Stocks slip as China fails to announce new stimulus at Congress

BEIJING – In China, where every political decision is taken behind closed doors, the authorities attach extraordinary importance to the public set-pieces of the political calendar, such as the annual meeting of the National Peoples Congress, China’s putative parliament.

Sometimes the NPC pretends to debate issues that matter, even though they have been decided beforehand according to the will of Communist party leaders. (Read the Monitor’s coverage of the 2007 “rubber stamp” session here.)

This year, some officials tried to drum up a little media excitement in advance of Thursday’s opening of the NPC by dropping hints that Prime Minister Wen Jiabao would unveil a new and expanded economic stimulus package. Asian stock markets rose the day before in anticipation, but ended mixed Thursday after Mr. Wen offered nothing of the sort – just a rehash of existing policy. (Click here for the Monitor’s story on China’s $586 billion stimulus package announced last November.)

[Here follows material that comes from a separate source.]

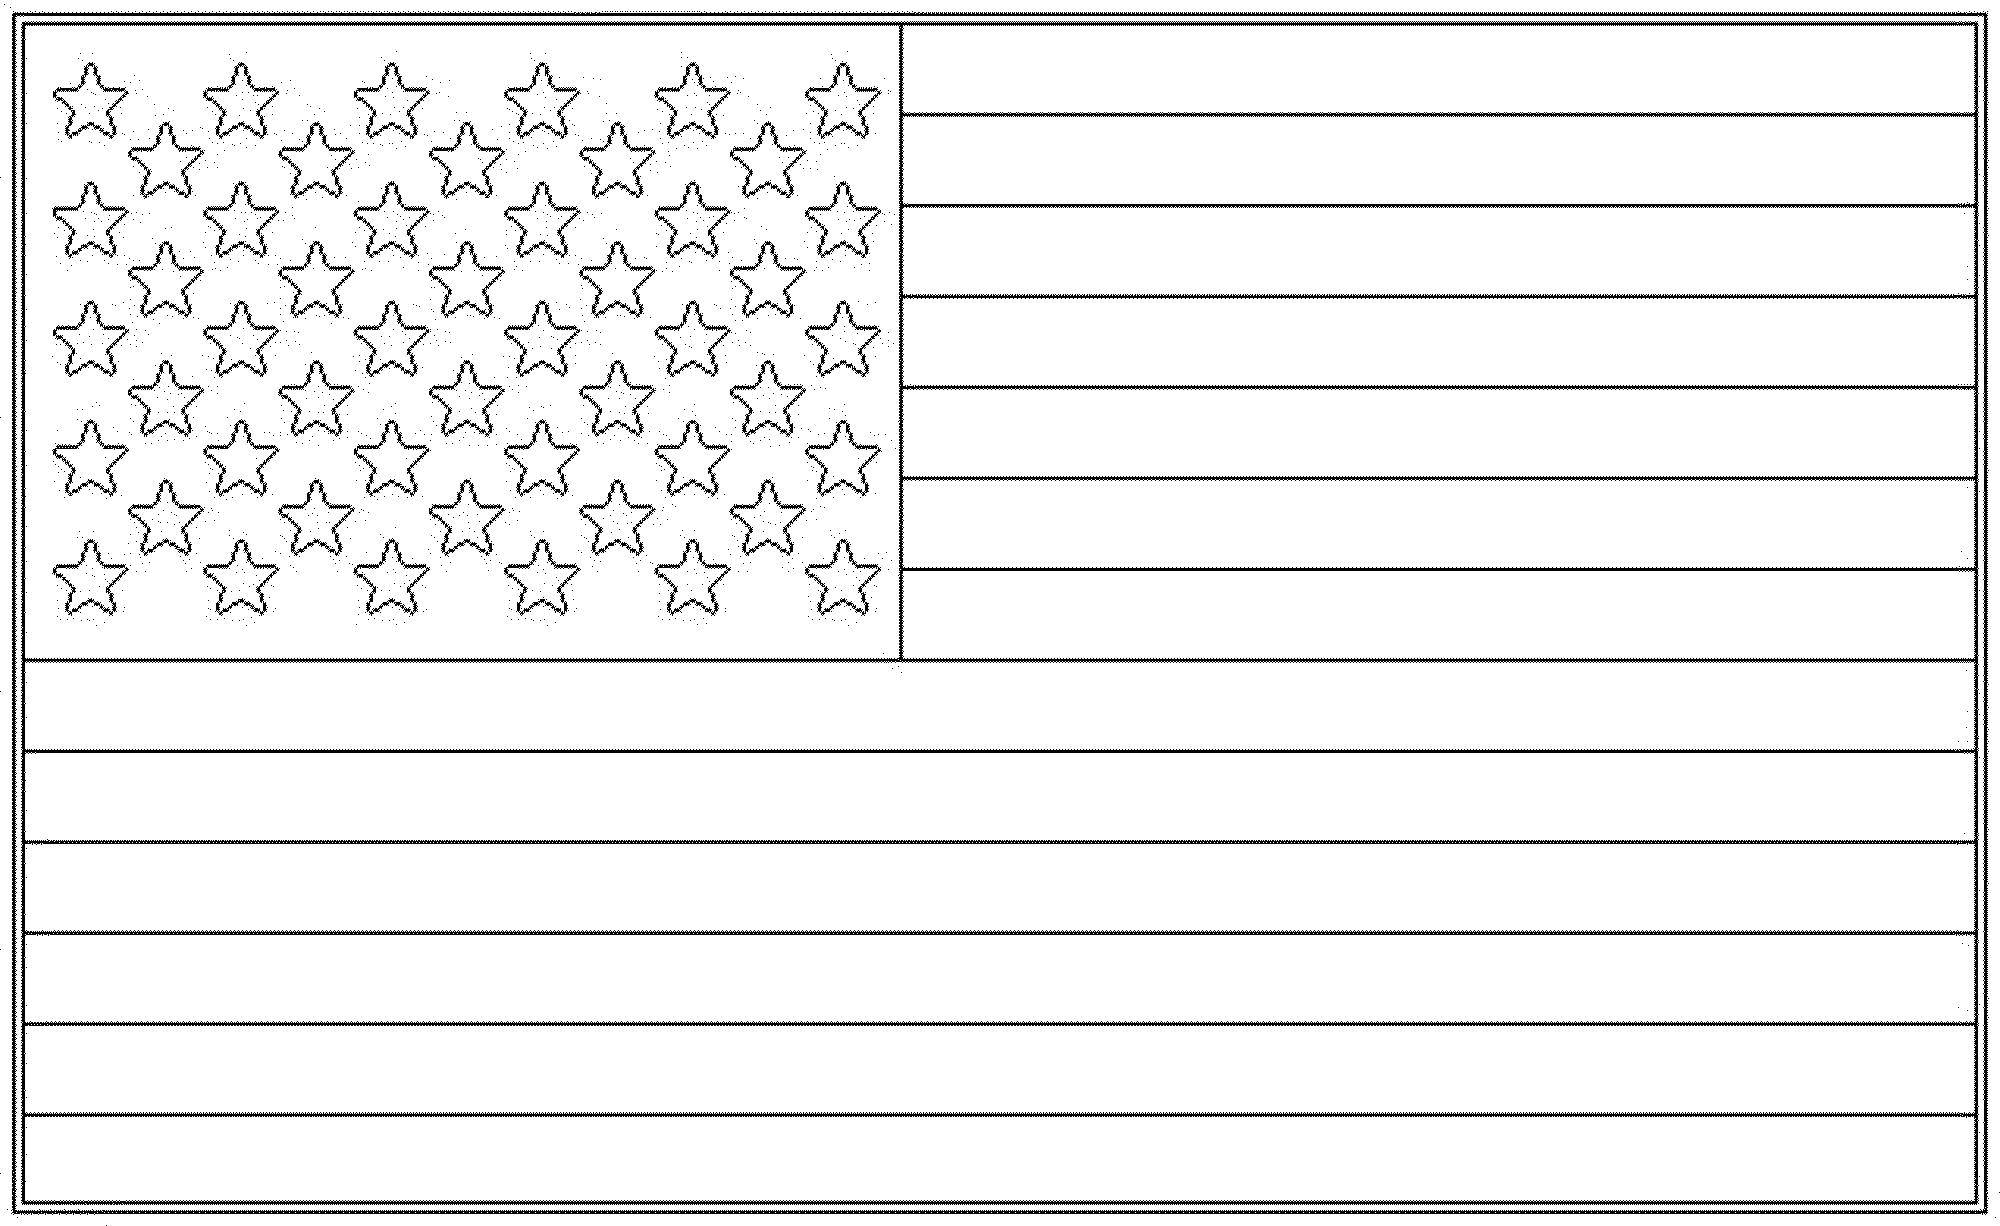 Coloring USA flag. Category USA . Tags:  flag, USA, America.

In his two-hour-long address, he devoted as much time to promises to create jobs, expand social security coverage, and pump money into the impoverished countryside as a Western politician seeking election, saying that such measures would help China reach its growth target of 8 percent. Wen doesn’t need votes, but he needs social stability. That is what this week-long People’s Congress is going to be all about.